The corner started to turn when the CEO's son was appointed to a senior leadership position. So many could not believe that everything the company stood for was so systematically being destroyed. I was told a story of outright rebellion where the son started to criticize some senior people in how a project was being handled and he was abruptly told "we know why we are here, but no one really knows why it is that you are here". This is what kills growth in companies. Competitors take that growth, then invest those profits and then take your core, and your leadership is left going "It doesn't make sense, we were leaders". No. The guys before you were leaders, you just played politics.

I love this story, because it is the stark counterpoint to the hope and inspiration of what I look for. It is a necessity to have an accurate understanding of what hell is when your trying to find heaven. A great many people helped create hell, and many of the decisions leading to it were of necessity or fear of what might be coming. To know where that leads, invaluable - otherwise you will only be asking yourself "yeah but how bad could it be really?"

Infosys got better btw. A new CEO is in play, and he is damn cool. I'm not there now, but hearing lots of good stories, and they are firmly back to a focus on innovation while keep the core business profitable and driving cost effectiveness for customers. I think this is fantastic.

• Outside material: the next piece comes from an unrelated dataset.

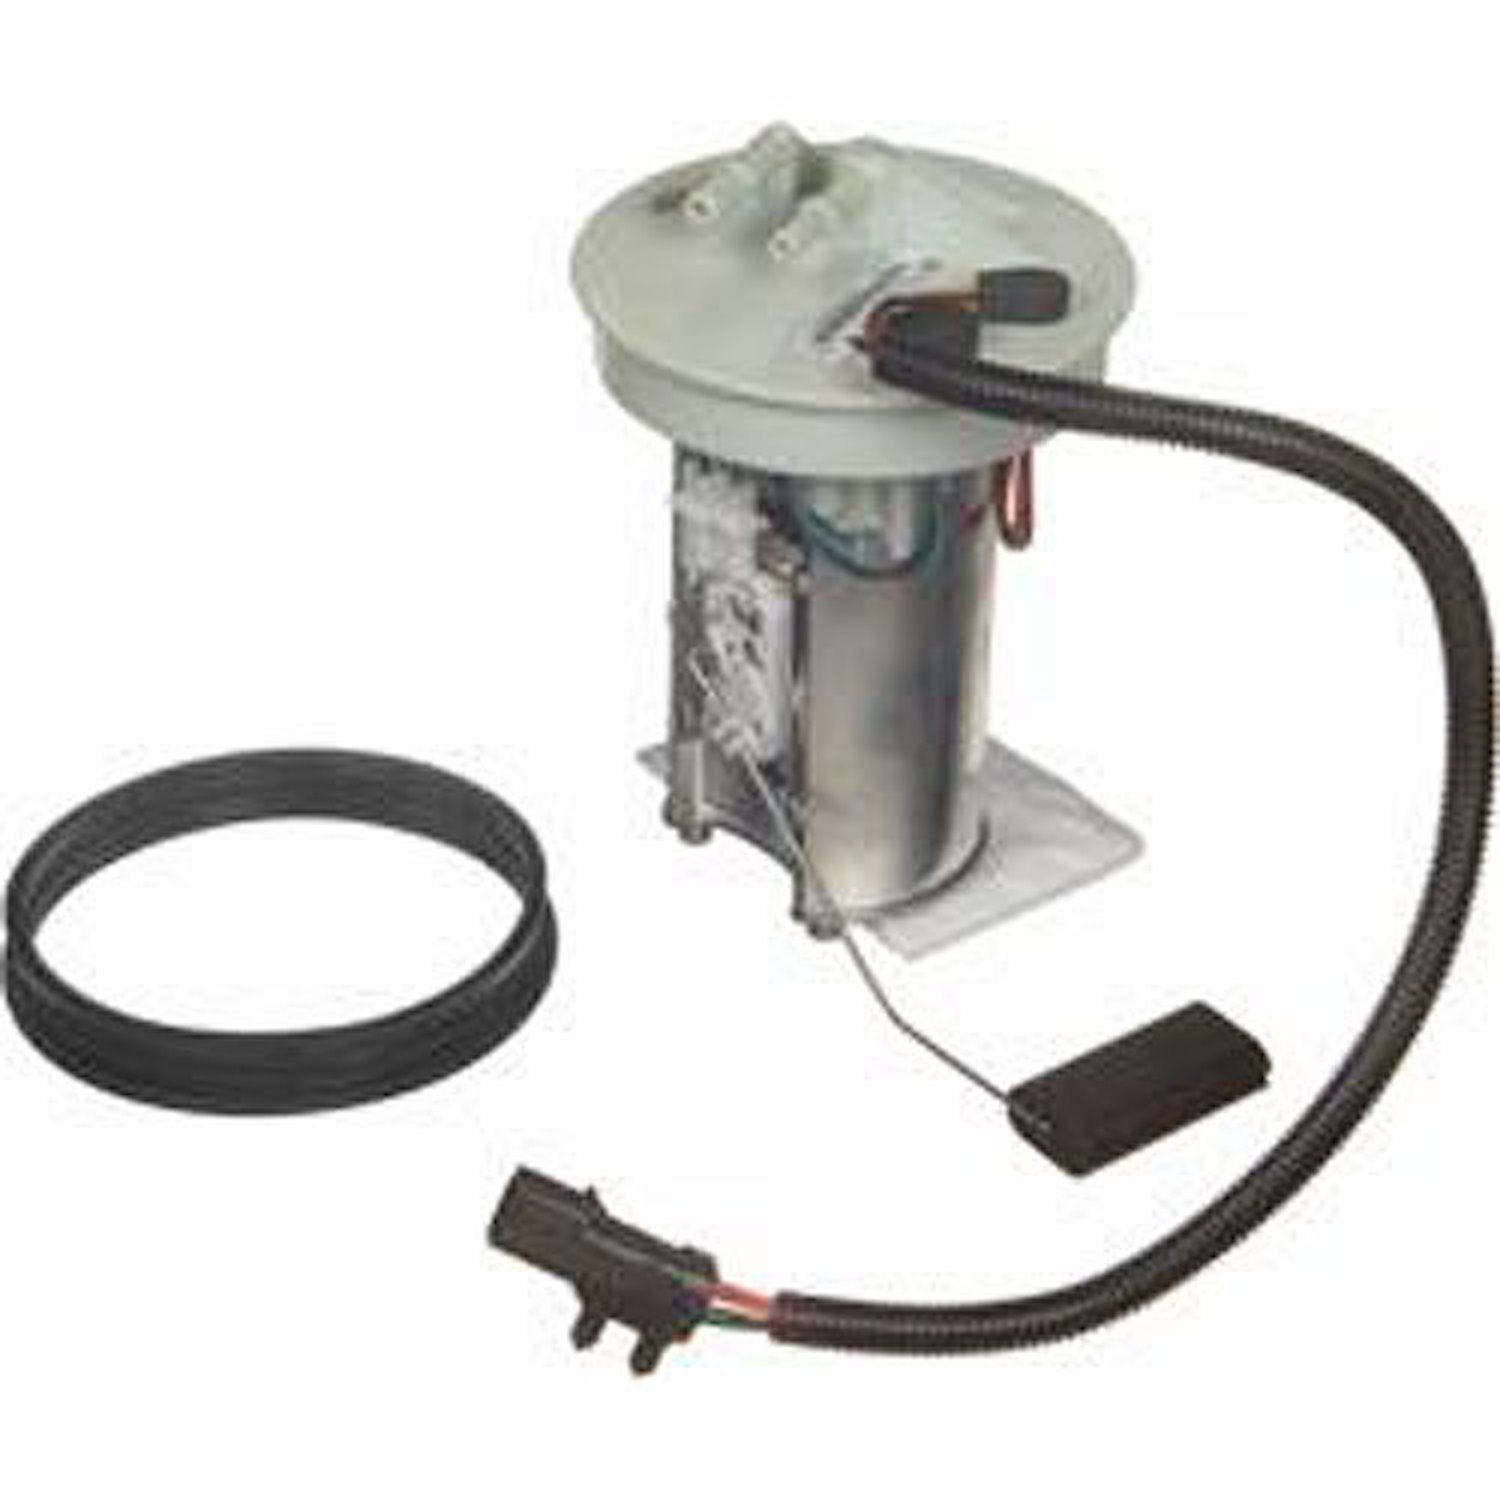 OE Chrysler/Dodge/Jeep Replacement Electric Fuel Pump Module Assembly 1999-03 Jeep Grand Cherokee 4.0L L6/4.7L V8

Internet Spaceship Management Consulting

Now as a few people reading may know, I spend about 20-30% of my waking hours plugged into a virtual reality simulator called Eve. Eve is interesting because it is all about human behavior, and more importantly has a razor focus on humans making choices with real economic consequence.

In this simulation, people group together. Why? Well for a number of reasons, and rarely for a single one. Mostly they want things to be interesting.

In this people fight. Fights are interesting, so a lot of management effort of these people goes into securing fights. Fights also consume resources though, so an economic backbone is needed for people to acquiring the resources to fight more. They also like a sense of identity. The stronger sense of identity, the more powerful a culture evolves and that attracts people, resources, and well... fights.

Politics then enters play. Which is where this meandering blog has been going. By necessity, leadership has to  be tightly held. There is things such as spies, thieves and people who shoot people that are supposedly friends. All acceptable in this game. People have destroyed years of work through betrayal of trust placed in them. This happens here all the time. Leadership has to be iron clad, locked down, tough and untrusting.

The cost of this, can often be hope and inspiration. Next generation leadership can be looked over, good ideas ignored because of these tough but necessary defensive mechanisms. Eve leadership can be hell.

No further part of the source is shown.